- Source data -
--

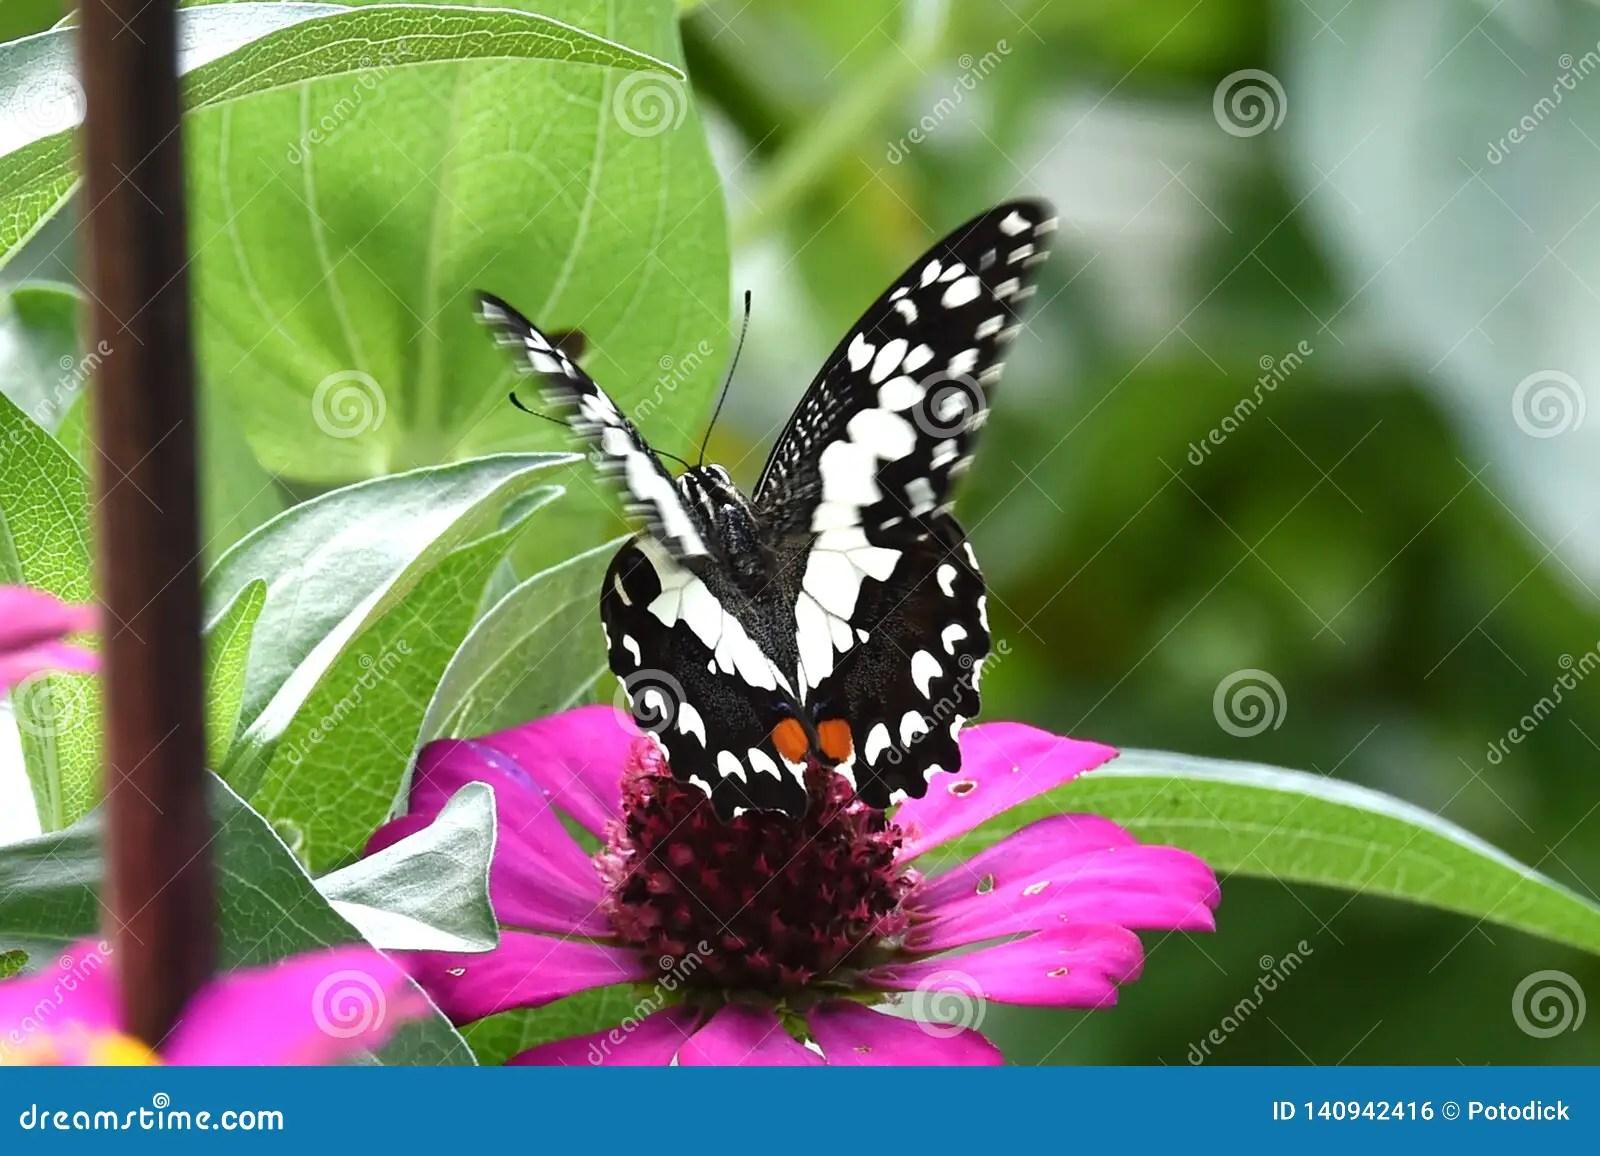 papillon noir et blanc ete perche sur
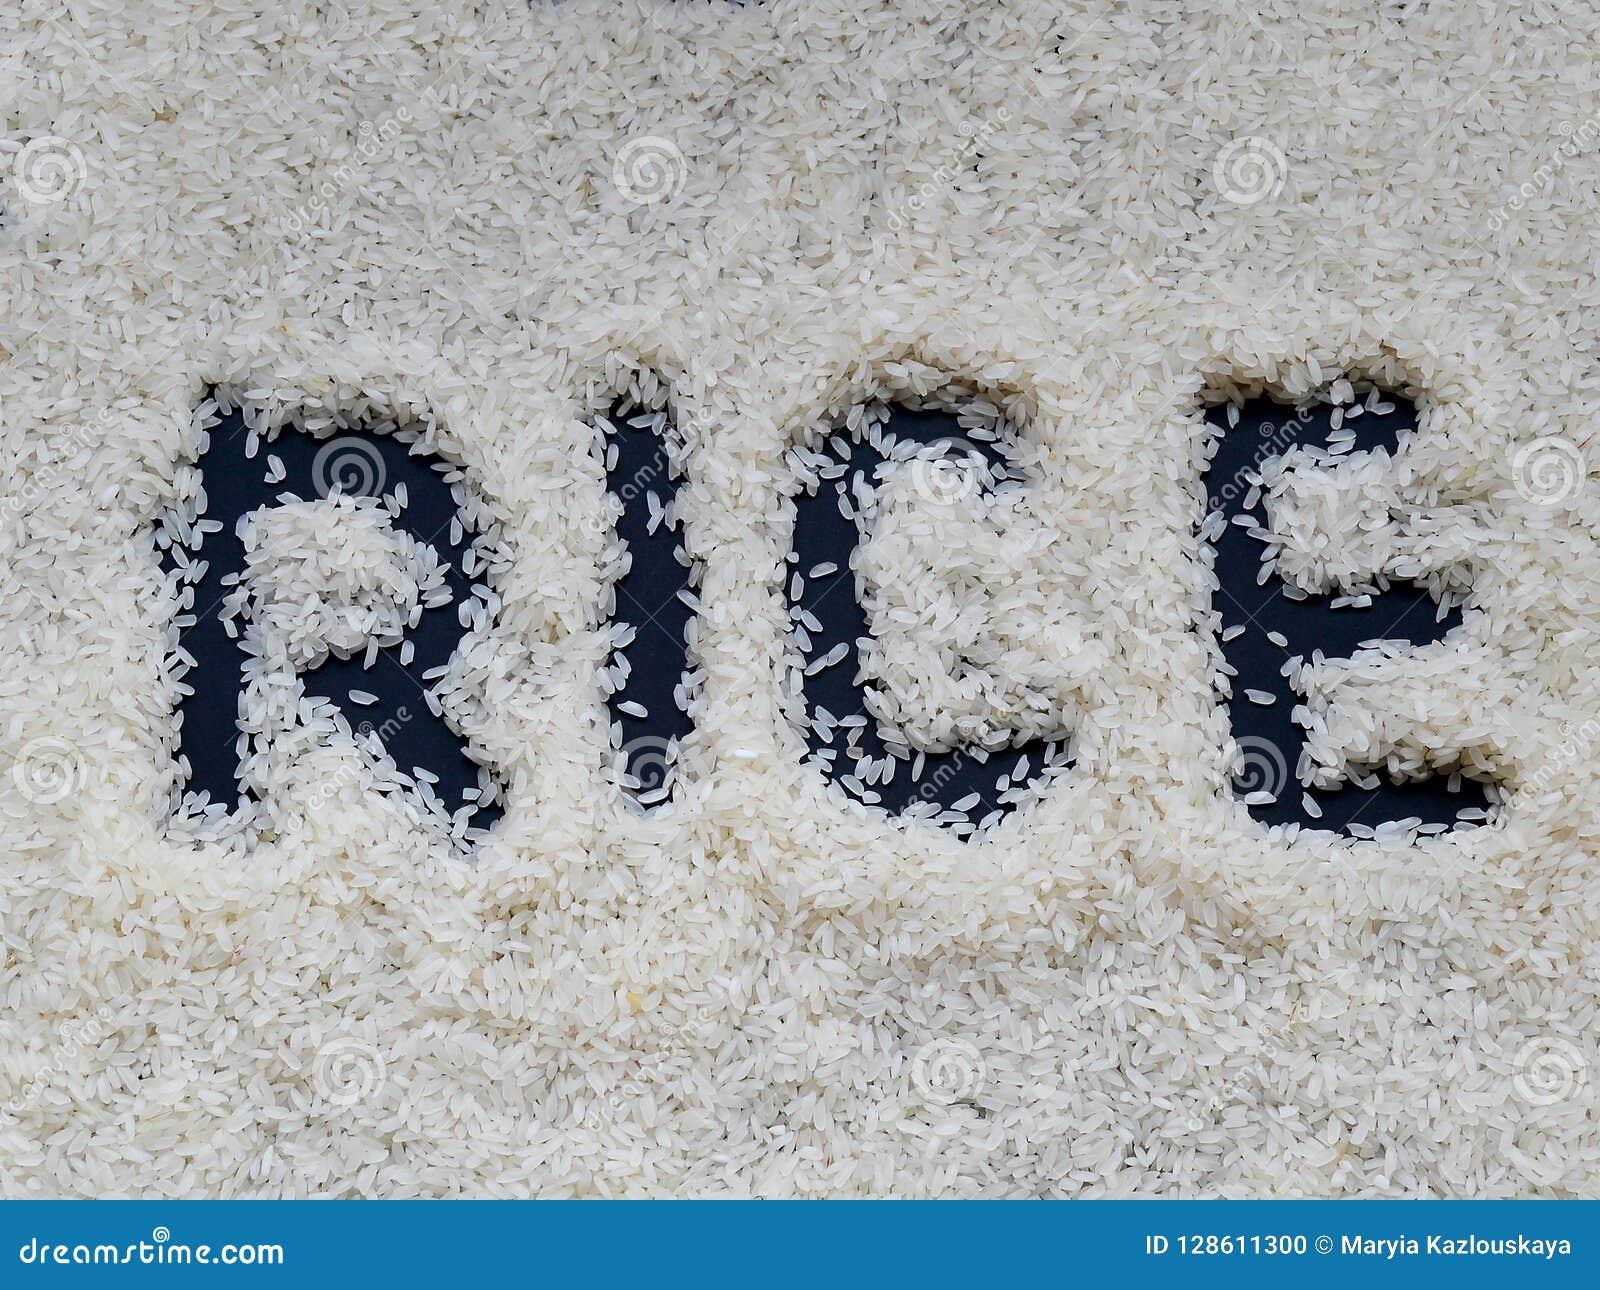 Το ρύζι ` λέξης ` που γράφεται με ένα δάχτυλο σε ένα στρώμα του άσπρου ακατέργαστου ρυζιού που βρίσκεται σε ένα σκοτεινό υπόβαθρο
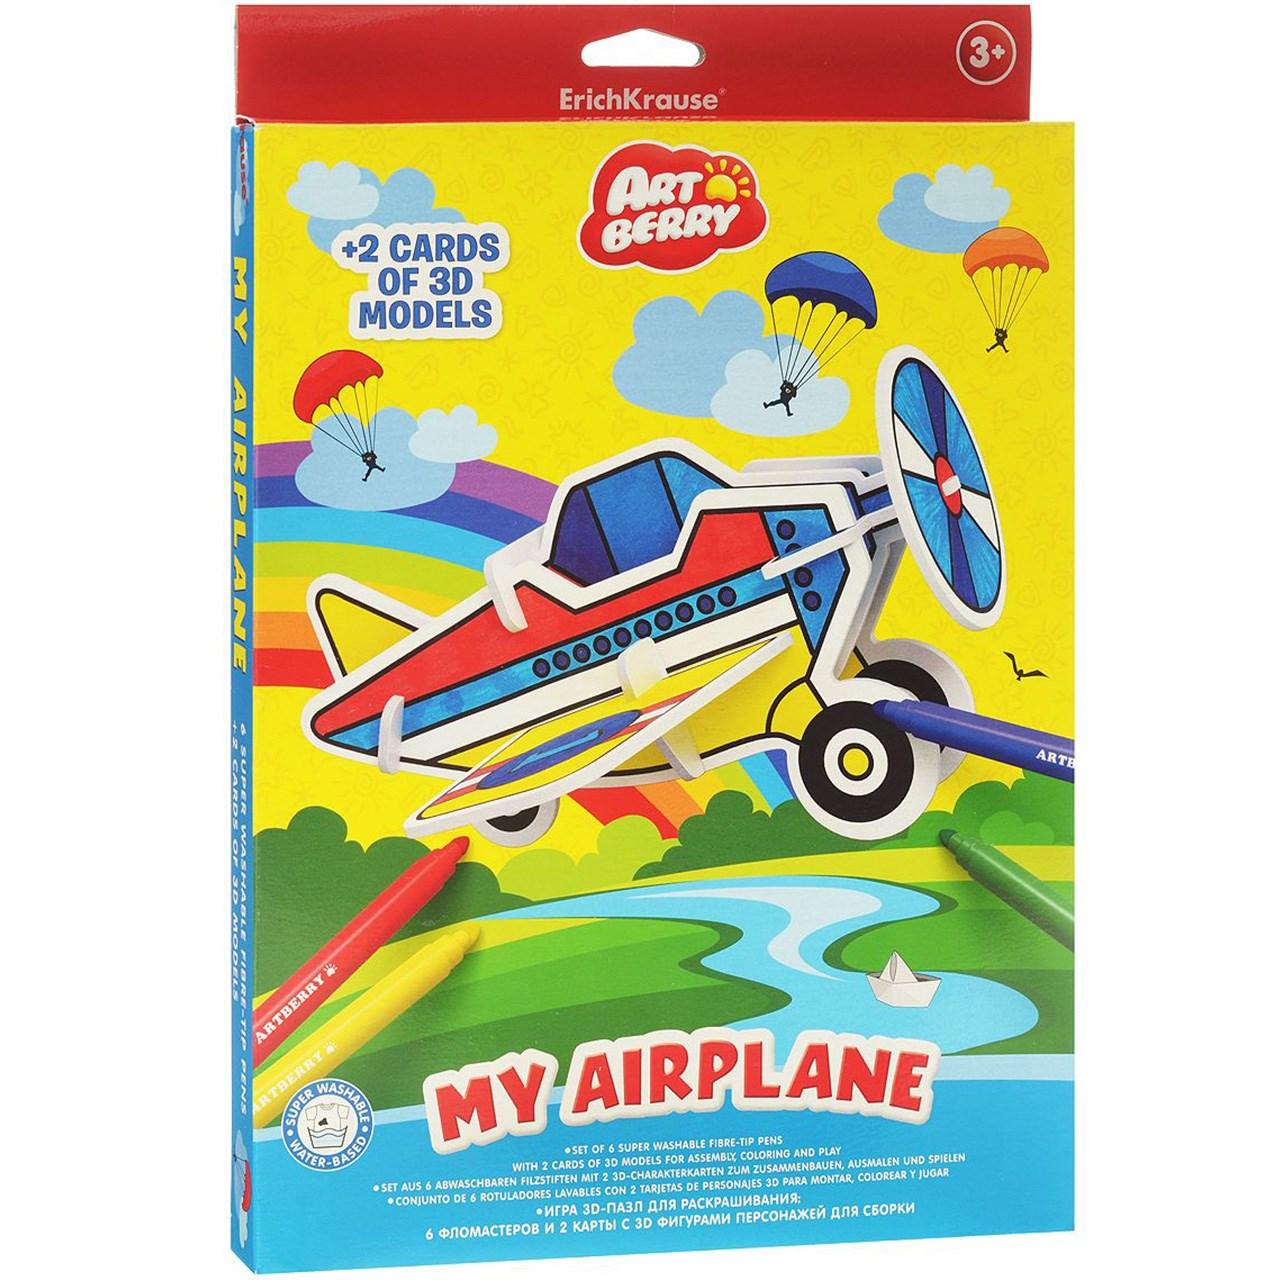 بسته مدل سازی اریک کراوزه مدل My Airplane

--

- Work to be completed -
Return the material in full and unaltered, minus its pictures.

- Solution to the exercise -
 papillon noir et blanc ete perche sur
 Το ρύζι ` λέξης ` που γράφεται με ένα δάχτυλο σε ένα στρώμα του άσπρου ακατέργαστου ρυζιού που βρίσκεται σε ένα σκοτεινό υπόβαθρο
 بسته مدل سازی اریک کراوزه مدل My Airplane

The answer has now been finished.